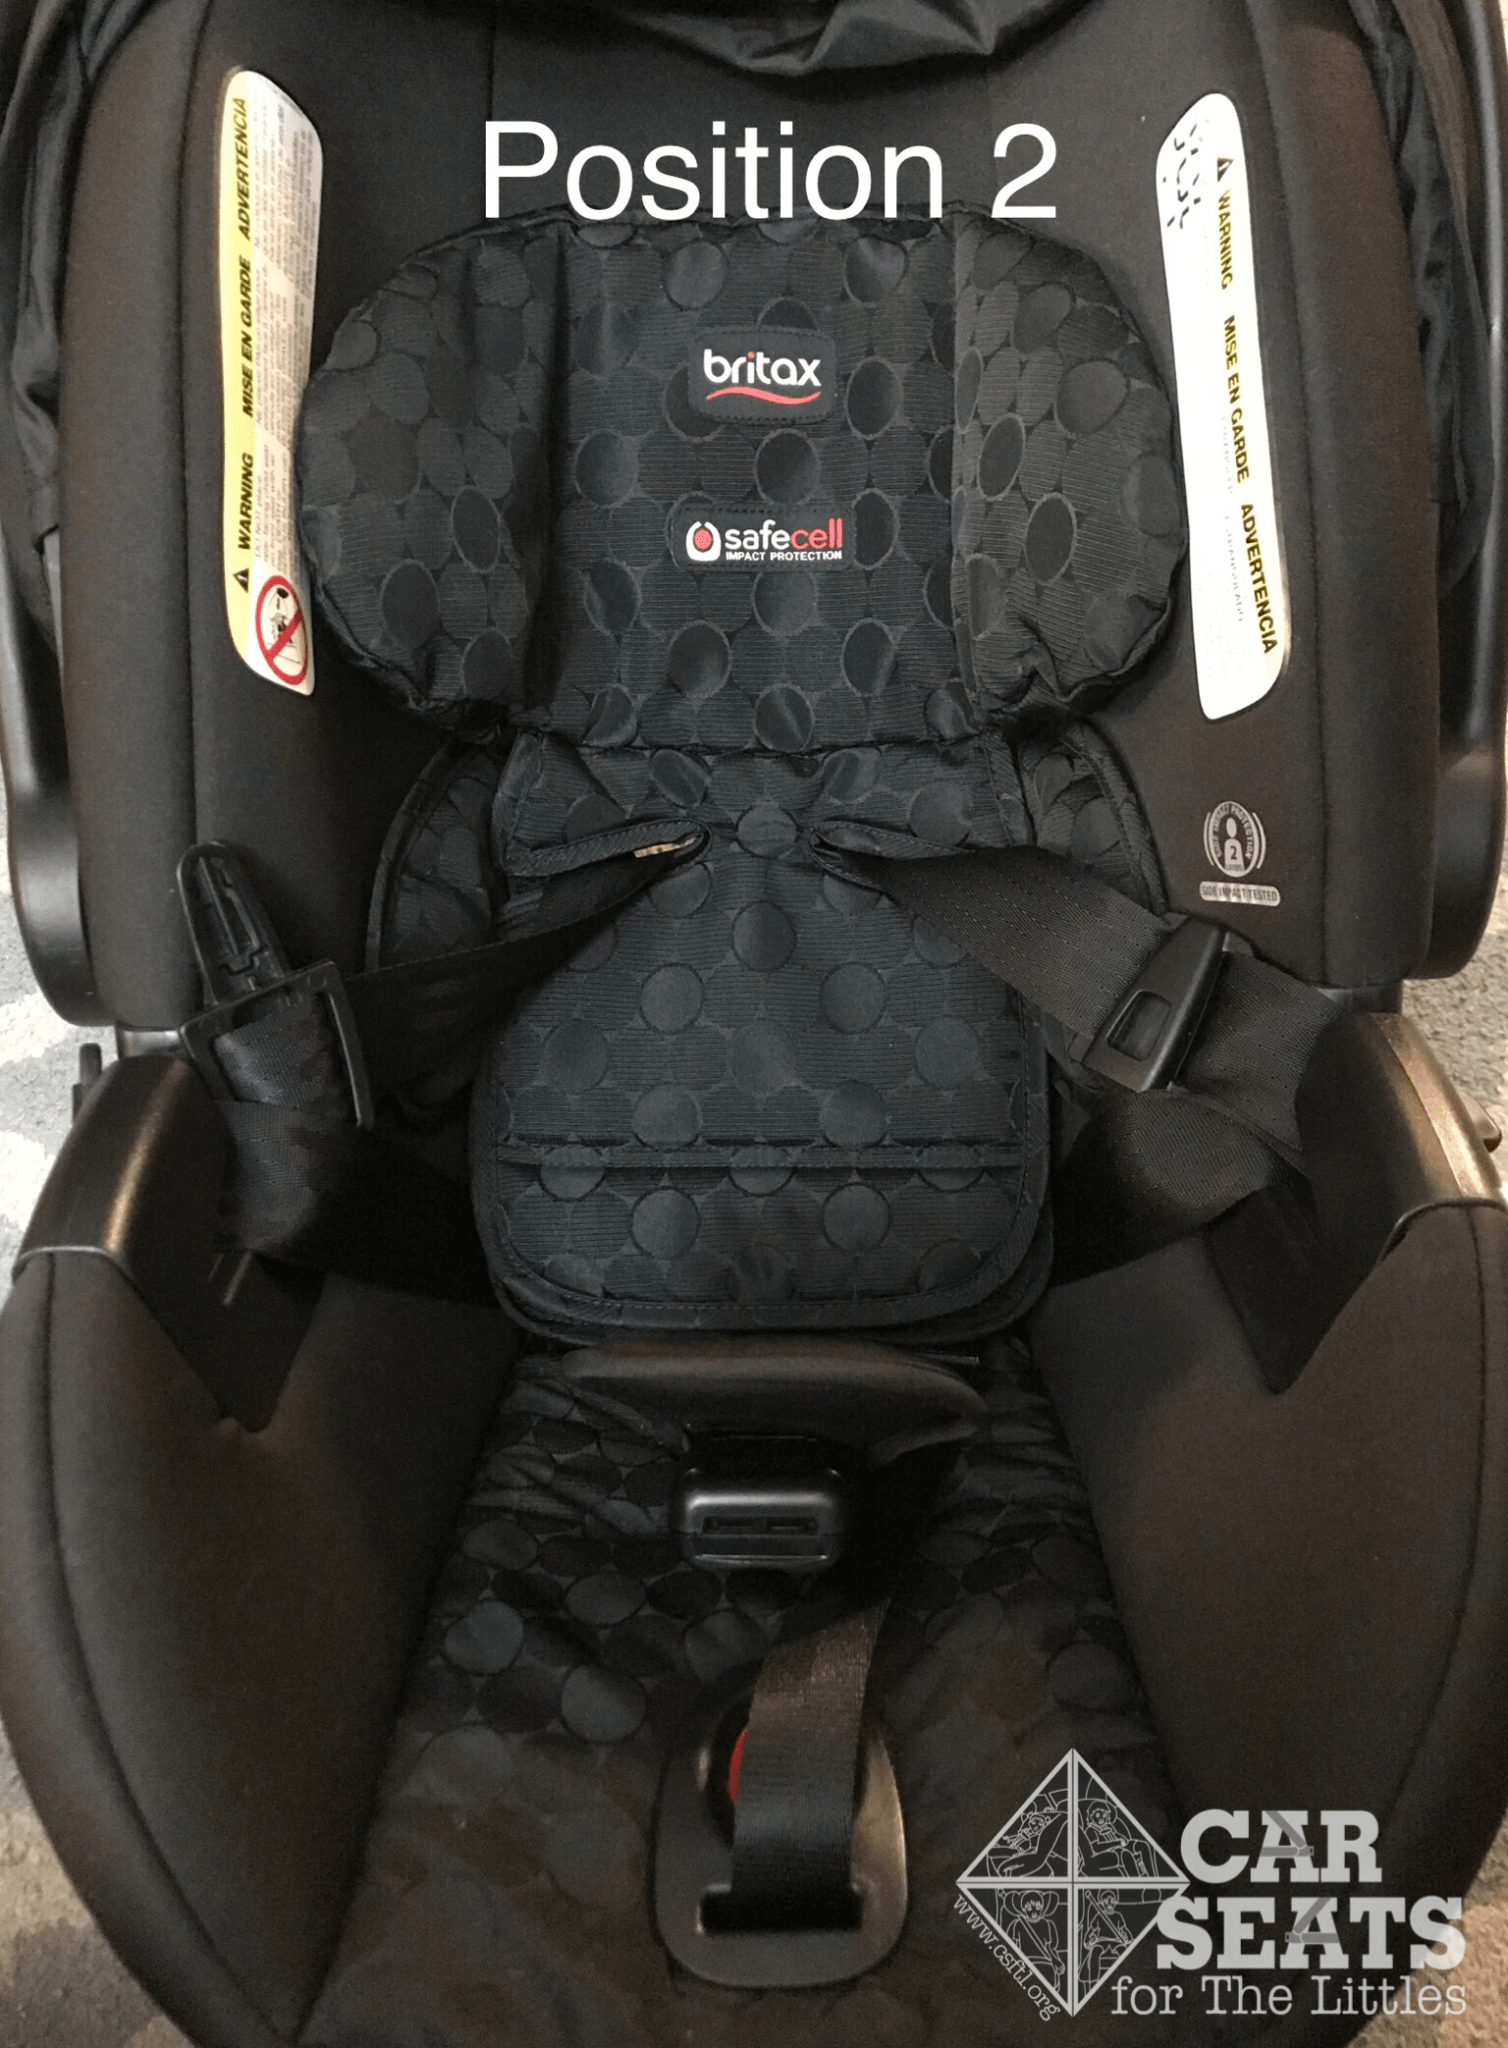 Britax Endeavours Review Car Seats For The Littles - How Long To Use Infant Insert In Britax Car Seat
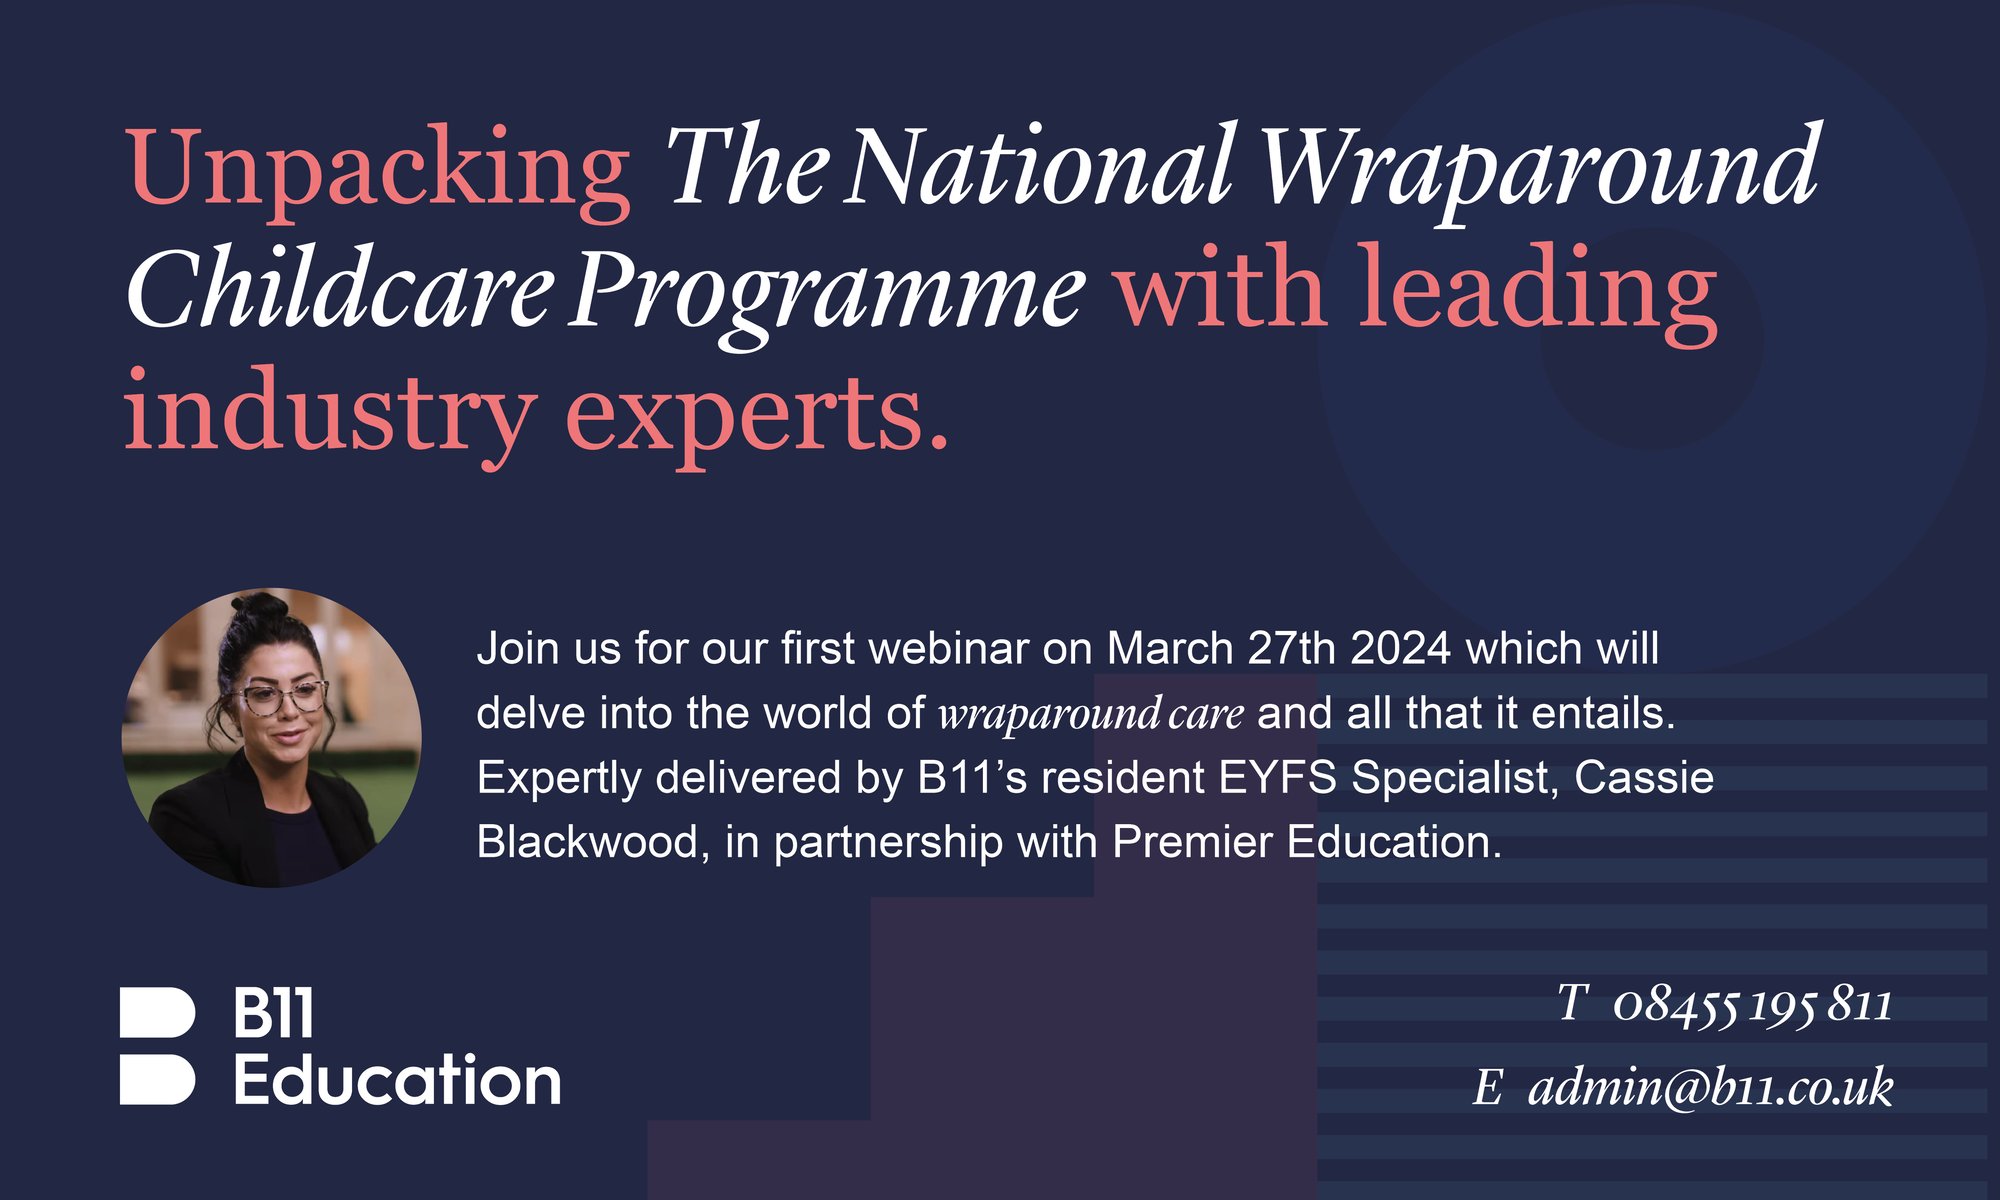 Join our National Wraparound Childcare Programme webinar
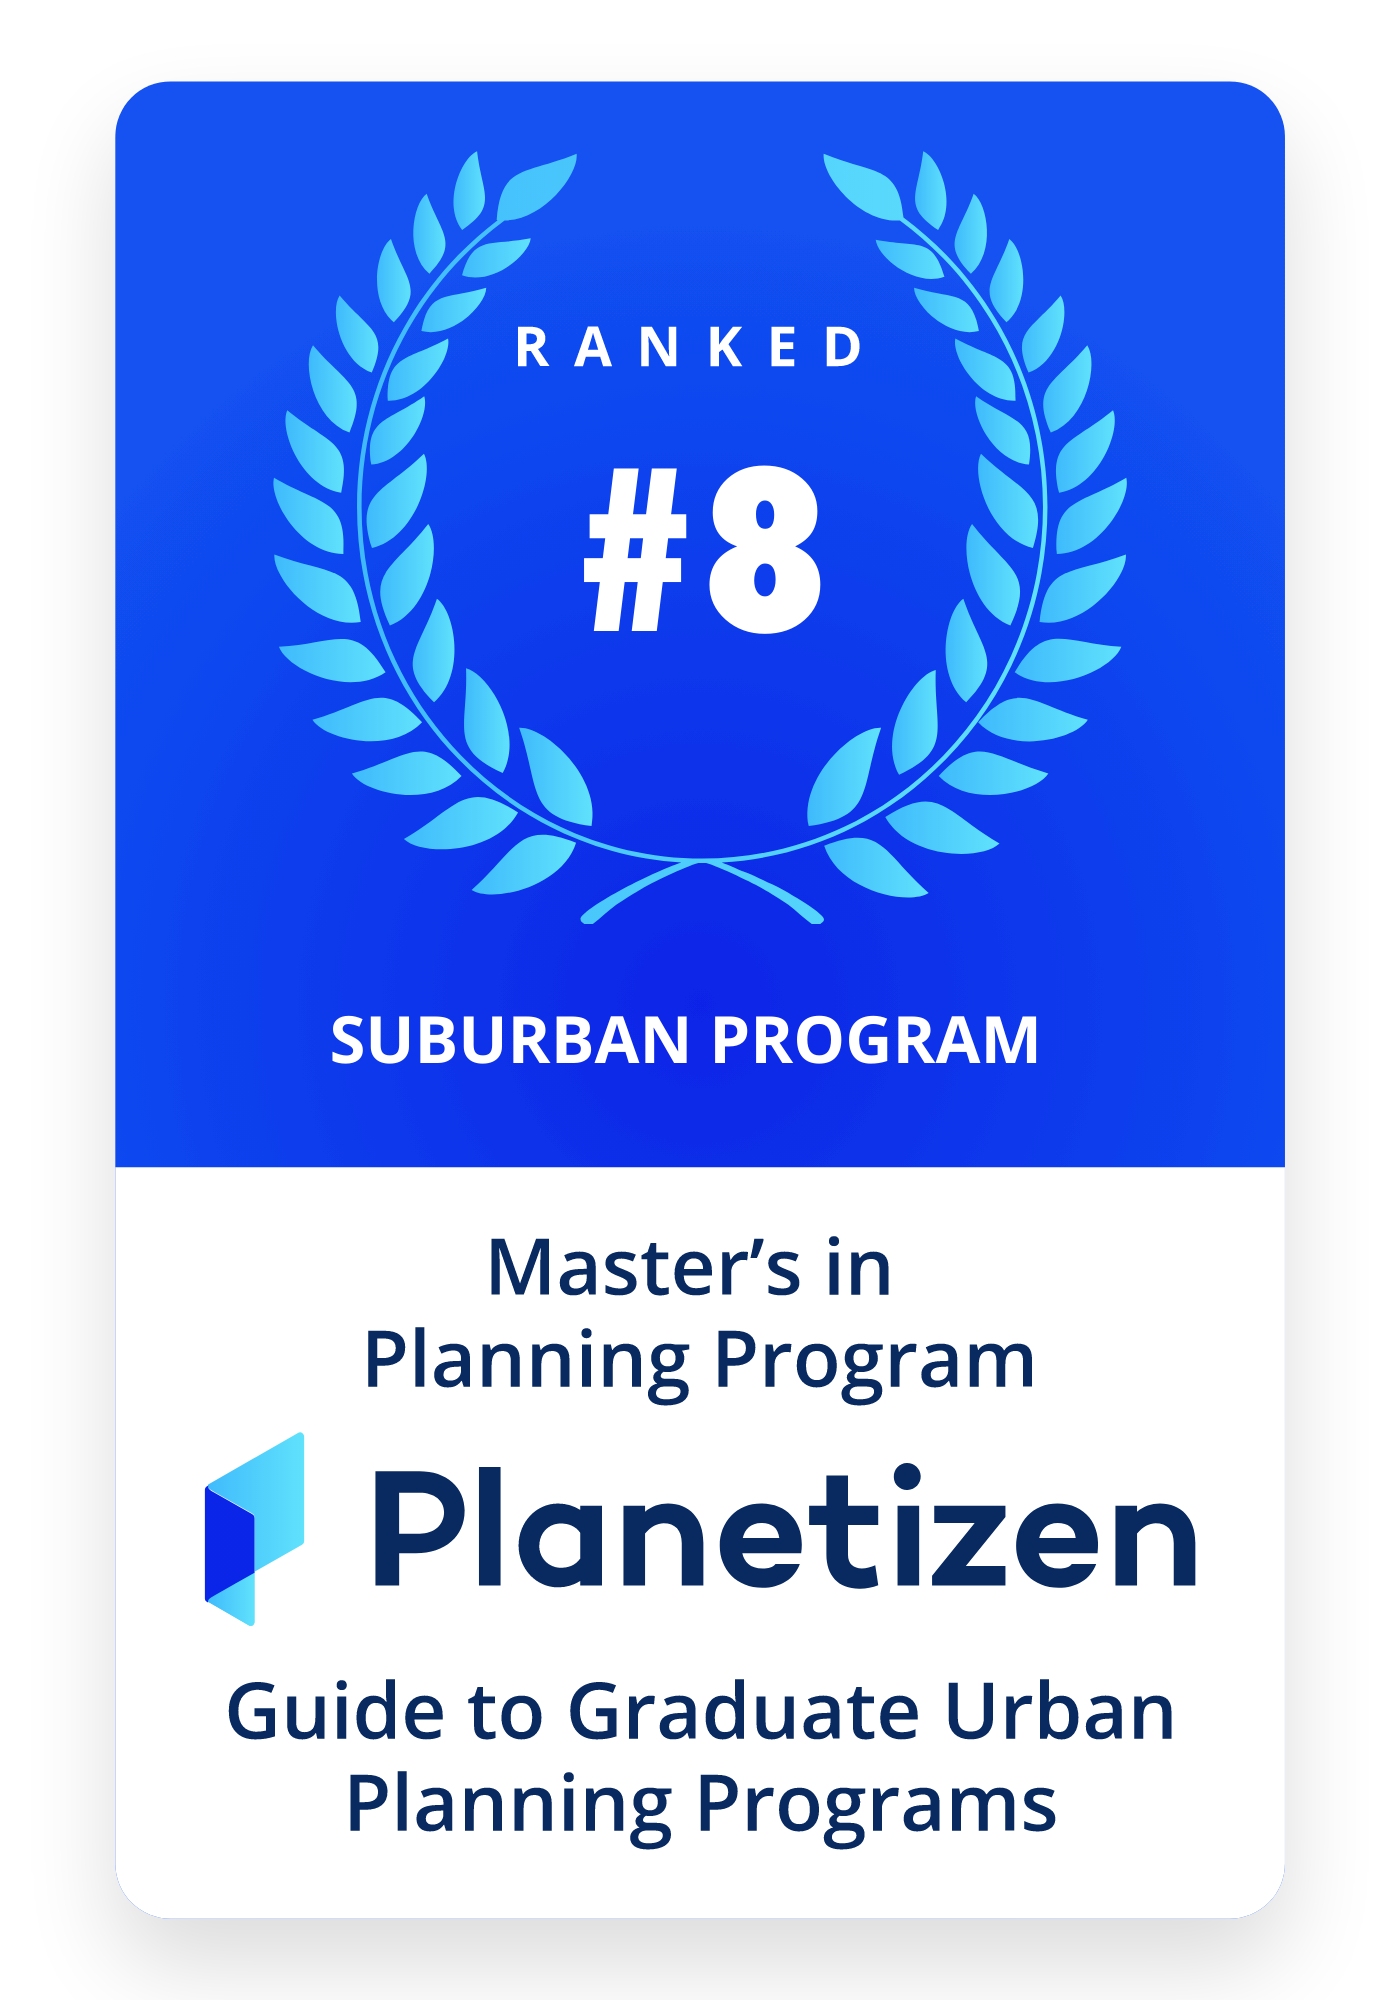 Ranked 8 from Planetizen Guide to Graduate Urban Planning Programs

-------------------------

What's needed is every line above, retyped exactly and free of pictures.

 Britax Endeavours Review Car Seats For The Littles - How Long To Use Infant Insert In Britax Car Seat
 Join our National Wraparound Childcare Programme webinar
 Ranked 8 from Planetizen Guide to Graduate Urban Planning Programs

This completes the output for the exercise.